> REQUIRED ACTION
Using the records below, quote only the span that opens with the line containing "Screenshot_2018-04-17-10-45-30.png" and closes with the line containing "Vachetta Rose坡跟鞋", exactly and inclusively.

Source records
========================================================================
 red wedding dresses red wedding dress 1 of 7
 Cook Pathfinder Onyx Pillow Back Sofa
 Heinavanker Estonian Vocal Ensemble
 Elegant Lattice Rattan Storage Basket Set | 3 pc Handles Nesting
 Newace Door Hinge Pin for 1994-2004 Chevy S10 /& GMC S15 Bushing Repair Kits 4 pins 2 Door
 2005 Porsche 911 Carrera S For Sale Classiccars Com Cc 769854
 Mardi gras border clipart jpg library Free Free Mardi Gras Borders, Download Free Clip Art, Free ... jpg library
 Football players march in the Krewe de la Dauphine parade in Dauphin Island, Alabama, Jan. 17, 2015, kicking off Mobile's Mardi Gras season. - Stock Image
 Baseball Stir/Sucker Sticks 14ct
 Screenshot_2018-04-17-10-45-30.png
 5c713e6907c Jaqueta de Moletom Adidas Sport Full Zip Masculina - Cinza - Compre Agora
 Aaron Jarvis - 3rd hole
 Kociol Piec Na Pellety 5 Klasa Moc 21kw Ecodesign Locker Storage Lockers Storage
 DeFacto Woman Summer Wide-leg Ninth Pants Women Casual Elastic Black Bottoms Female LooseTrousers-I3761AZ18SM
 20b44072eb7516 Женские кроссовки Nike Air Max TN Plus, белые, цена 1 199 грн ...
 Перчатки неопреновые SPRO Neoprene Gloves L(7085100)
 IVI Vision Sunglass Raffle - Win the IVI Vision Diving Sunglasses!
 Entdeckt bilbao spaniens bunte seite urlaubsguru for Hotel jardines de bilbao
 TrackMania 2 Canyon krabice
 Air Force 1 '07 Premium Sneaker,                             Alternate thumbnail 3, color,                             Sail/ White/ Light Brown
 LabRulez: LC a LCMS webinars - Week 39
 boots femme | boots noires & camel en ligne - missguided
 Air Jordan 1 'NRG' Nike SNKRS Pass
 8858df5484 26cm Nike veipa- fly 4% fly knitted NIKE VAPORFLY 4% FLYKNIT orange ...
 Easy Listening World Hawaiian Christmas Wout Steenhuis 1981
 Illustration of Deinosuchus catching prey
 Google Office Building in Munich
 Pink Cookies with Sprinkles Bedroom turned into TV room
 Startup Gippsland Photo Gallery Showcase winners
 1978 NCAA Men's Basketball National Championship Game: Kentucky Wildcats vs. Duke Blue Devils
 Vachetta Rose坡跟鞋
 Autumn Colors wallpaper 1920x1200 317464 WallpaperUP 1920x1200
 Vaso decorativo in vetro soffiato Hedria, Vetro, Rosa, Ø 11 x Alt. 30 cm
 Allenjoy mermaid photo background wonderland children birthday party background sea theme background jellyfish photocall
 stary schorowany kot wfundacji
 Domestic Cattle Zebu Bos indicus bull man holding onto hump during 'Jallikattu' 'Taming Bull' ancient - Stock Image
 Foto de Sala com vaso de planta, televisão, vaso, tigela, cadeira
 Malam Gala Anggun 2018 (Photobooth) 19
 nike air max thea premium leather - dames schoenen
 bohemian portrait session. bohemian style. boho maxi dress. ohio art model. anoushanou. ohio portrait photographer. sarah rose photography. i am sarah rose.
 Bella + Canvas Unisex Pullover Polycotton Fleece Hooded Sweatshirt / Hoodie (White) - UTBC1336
========================================================================
> OUTPUT FOR THIS EXERCISE
 Screenshot_2018-04-17-10-45-30.png
 5c713e6907c Jaqueta de Moletom Adidas Sport Full Zip Masculina - Cinza - Compre Agora
 Aaron Jarvis - 3rd hole
 Kociol Piec Na Pellety 5 Klasa Moc 21kw Ecodesign Locker Storage Lockers Storage
 DeFacto Woman Summer Wide-leg Ninth Pants Women Casual Elastic Black Bottoms Female LooseTrousers-I3761AZ18SM
 20b44072eb7516 Женские кроссовки Nike Air Max TN Plus, белые, цена 1 199 грн ...
 Перчатки неопреновые SPRO Neoprene Gloves L(7085100)
 IVI Vision Sunglass Raffle - Win the IVI Vision Diving Sunglasses!
 Entdeckt bilbao spaniens bunte seite urlaubsguru for Hotel jardines de bilbao
 TrackMania 2 Canyon krabice
 Air Force 1 '07 Premium Sneaker,                             Alternate thumbnail 3, color,                             Sail/ White/ Light Brown
 LabRulez: LC a LCMS webinars - Week 39
 boots femme | boots noires & camel en ligne - missguided
 Air Jordan 1 'NRG' Nike SNKRS Pass
 8858df5484 26cm Nike veipa- fly 4% fly knitted NIKE VAPORFLY 4% FLYKNIT orange ...
 Easy Listening World Hawaiian Christmas Wout Steenhuis 1981
 Illustration of Deinosuchus catching prey
 Google Office Building in Munich
 Pink Cookies with Sprinkles Bedroom turned into TV room
 Startup Gippsland Photo Gallery Showcase winners
 1978 NCAA Men's Basketball National Championship Game: Kentucky Wildcats vs. Duke Blue Devils
 Vachetta Rose坡跟鞋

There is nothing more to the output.